WHAT THE EXERCISE ASKS
Can you print the data exactly and leave out each image?

EXERCISE DATA
>>

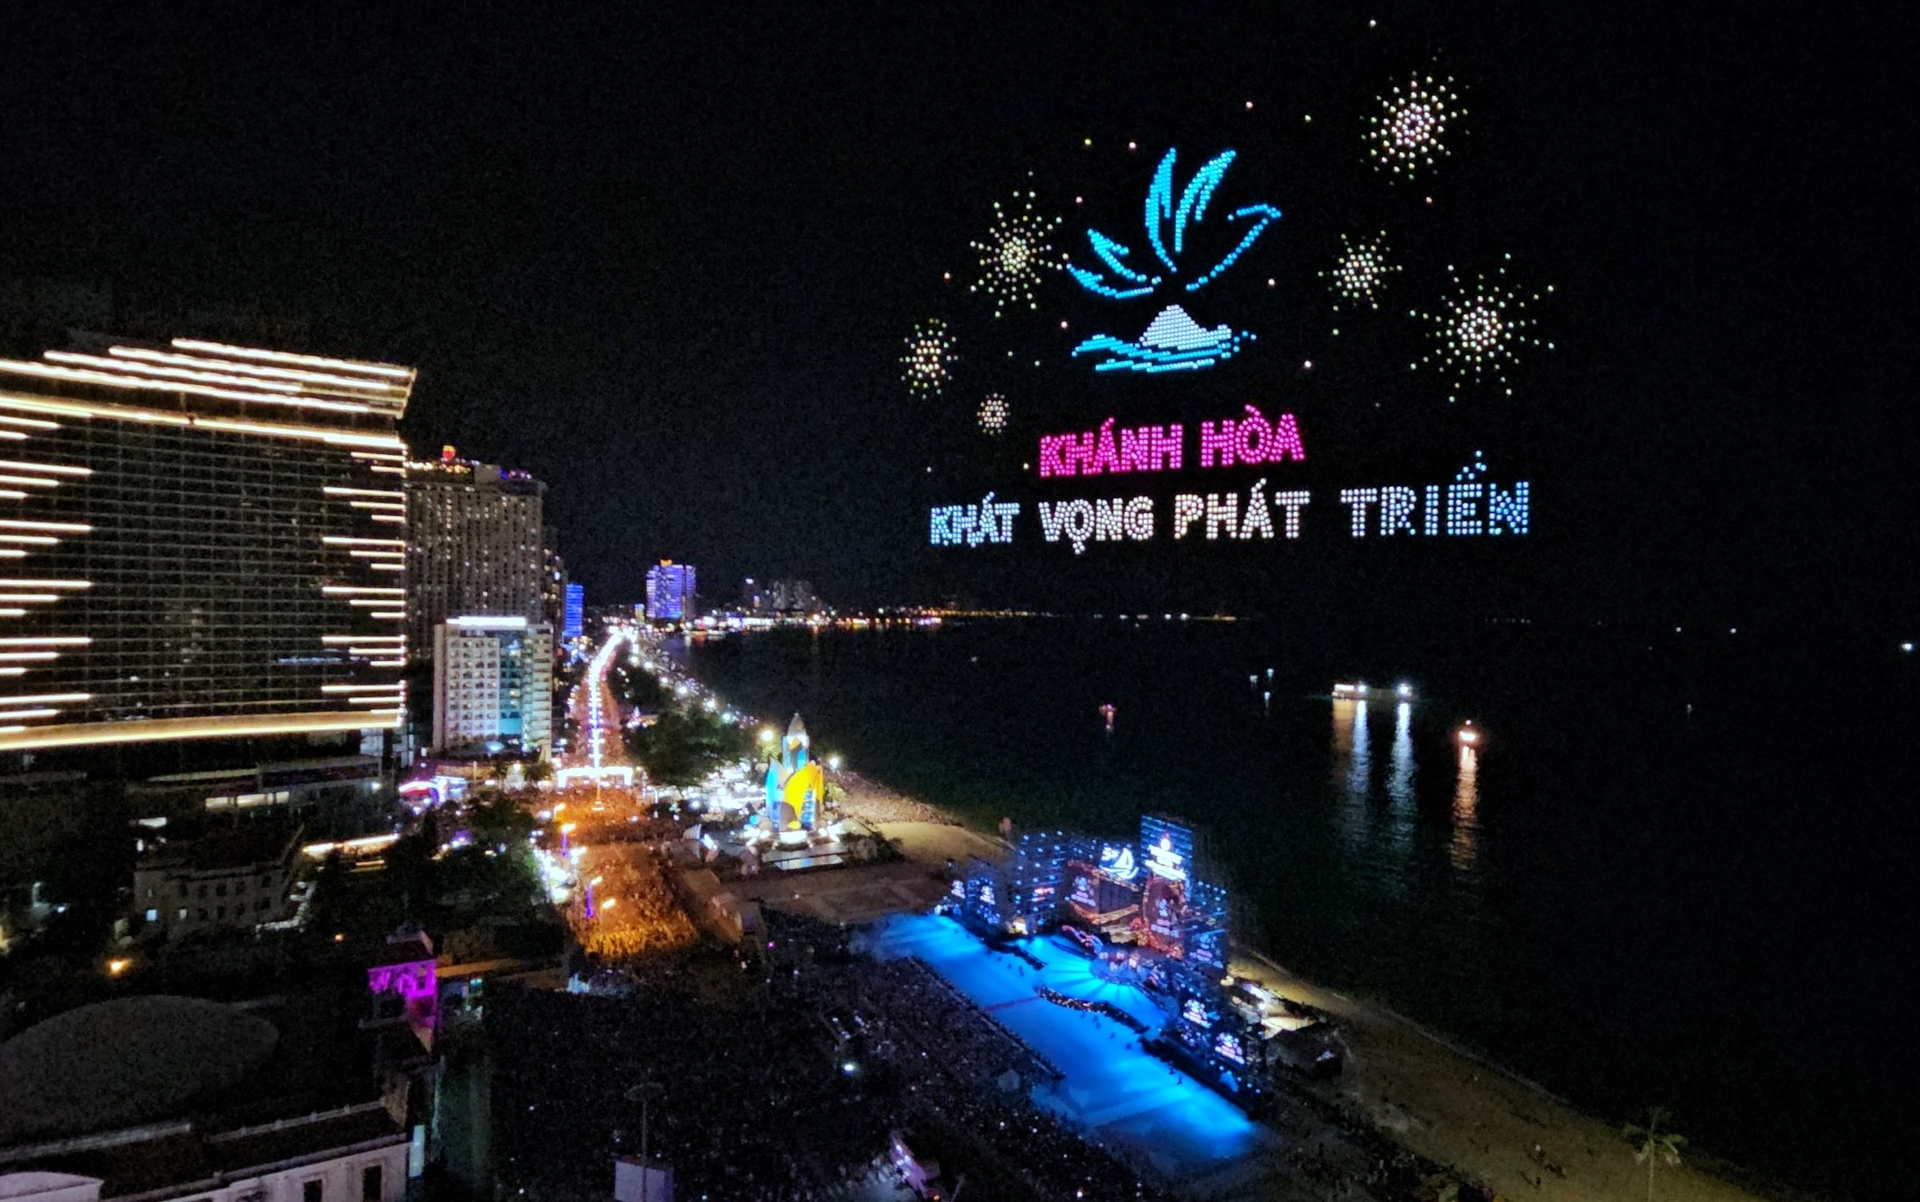 Đây là lần đầu tiên, tỉnh Khánh Hòa trình diễn ánh sáng mới lạ, hấp dẫn từ thiết bị bay không người lái tại Festival Biển Nha Trang. Ảnh: PV.
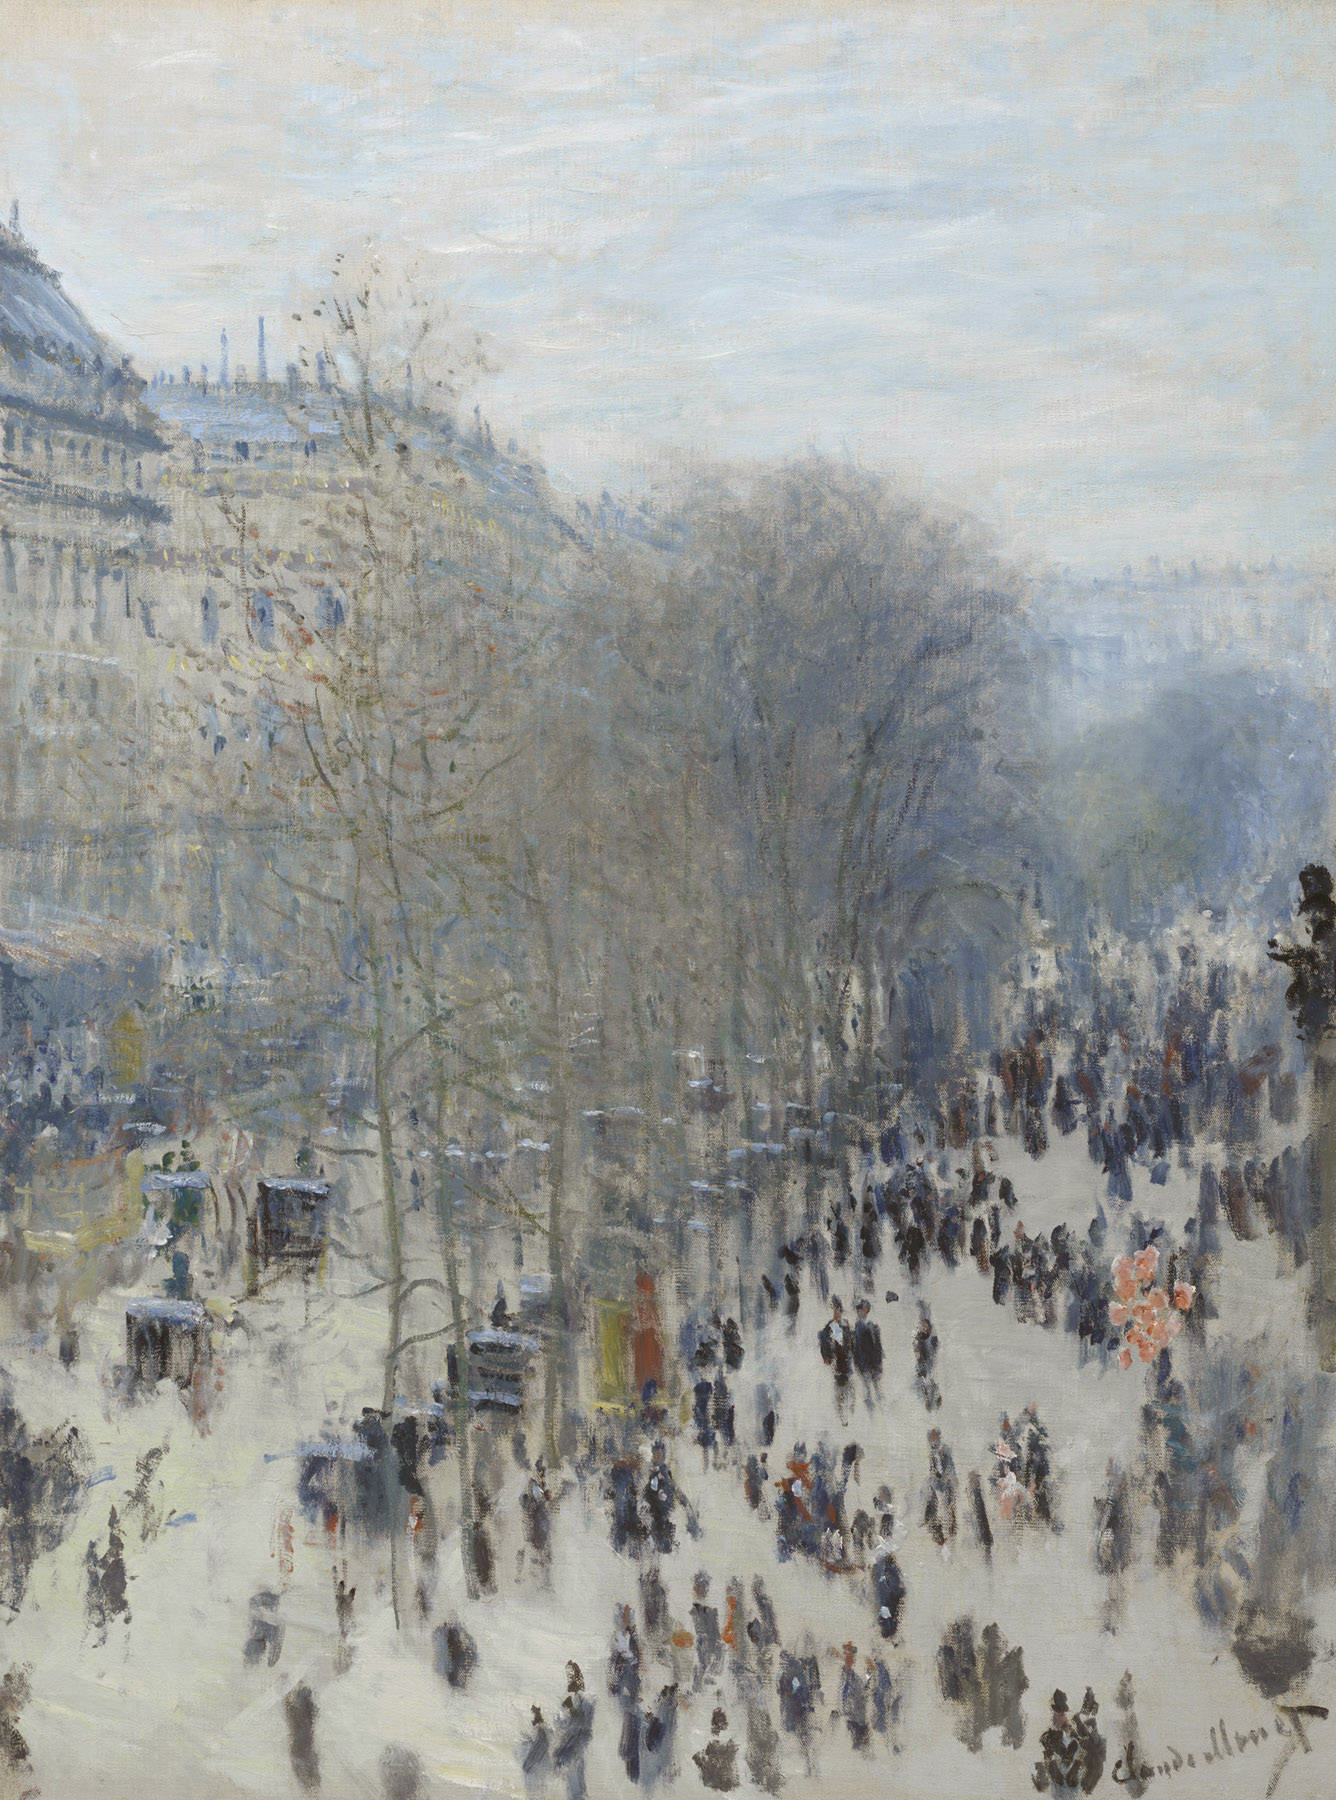 Bulevardul Capucinilor by Claude Monet - 1873 - 1874 - 60.3 x 80.3 cm 
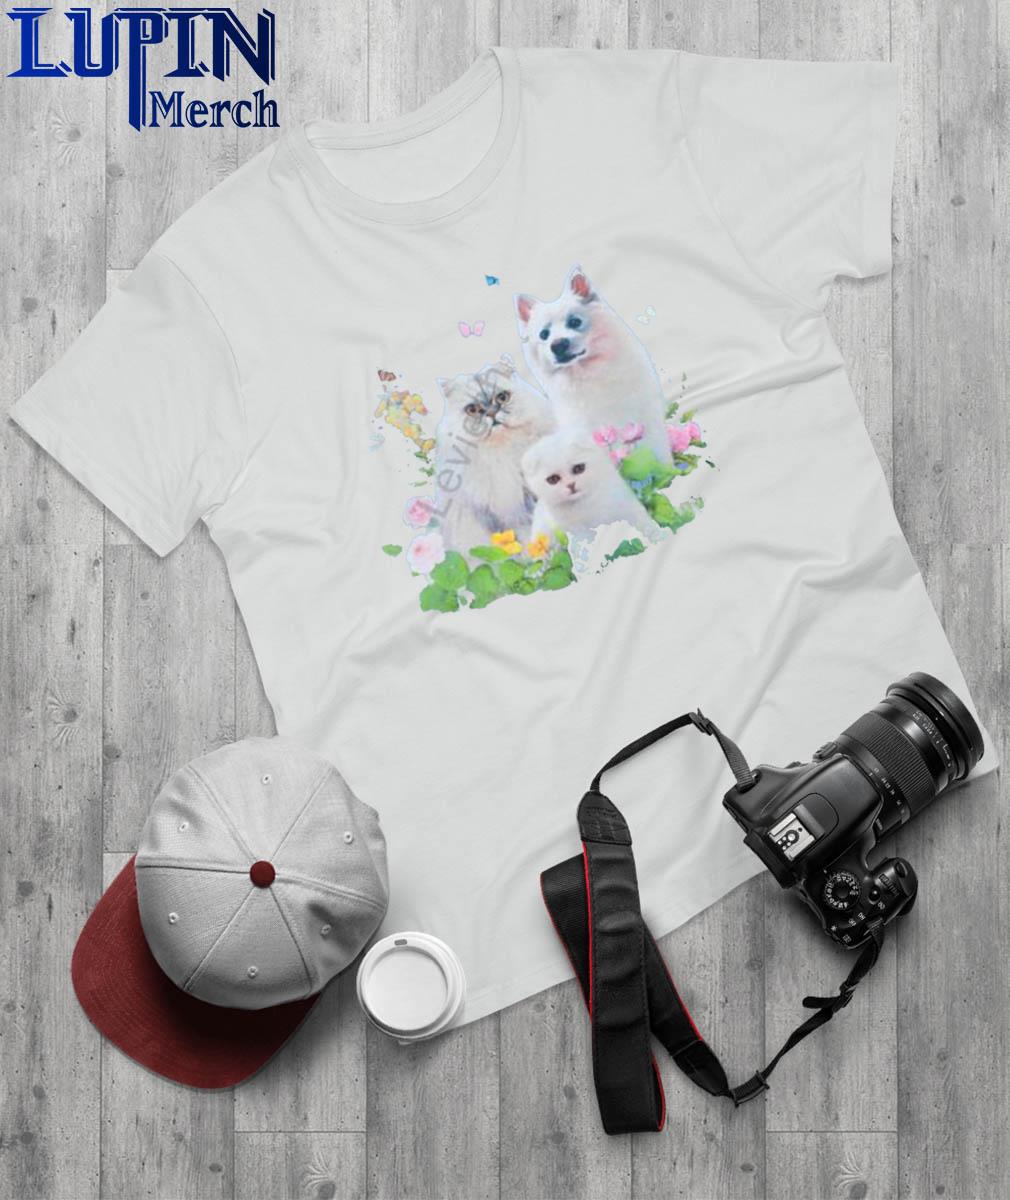 Qtcinderella Merch Pet Shirt - new shirt, t-shirt, hoodie, tank

<<

RESPONSE BELOW
 Đây là lần đầu tiên, tỉnh Khánh Hòa trình diễn ánh sáng mới lạ, hấp dẫn từ thiết bị bay không người lái tại Festival Biển Nha Trang. Ảnh: PV.
 Bulevardul Capucinilor by Claude Monet - 1873 - 1874 - 60.3 x 80.3 cm 
 Qtcinderella Merch Pet Shirt - new shirt, t-shirt, hoodie, tank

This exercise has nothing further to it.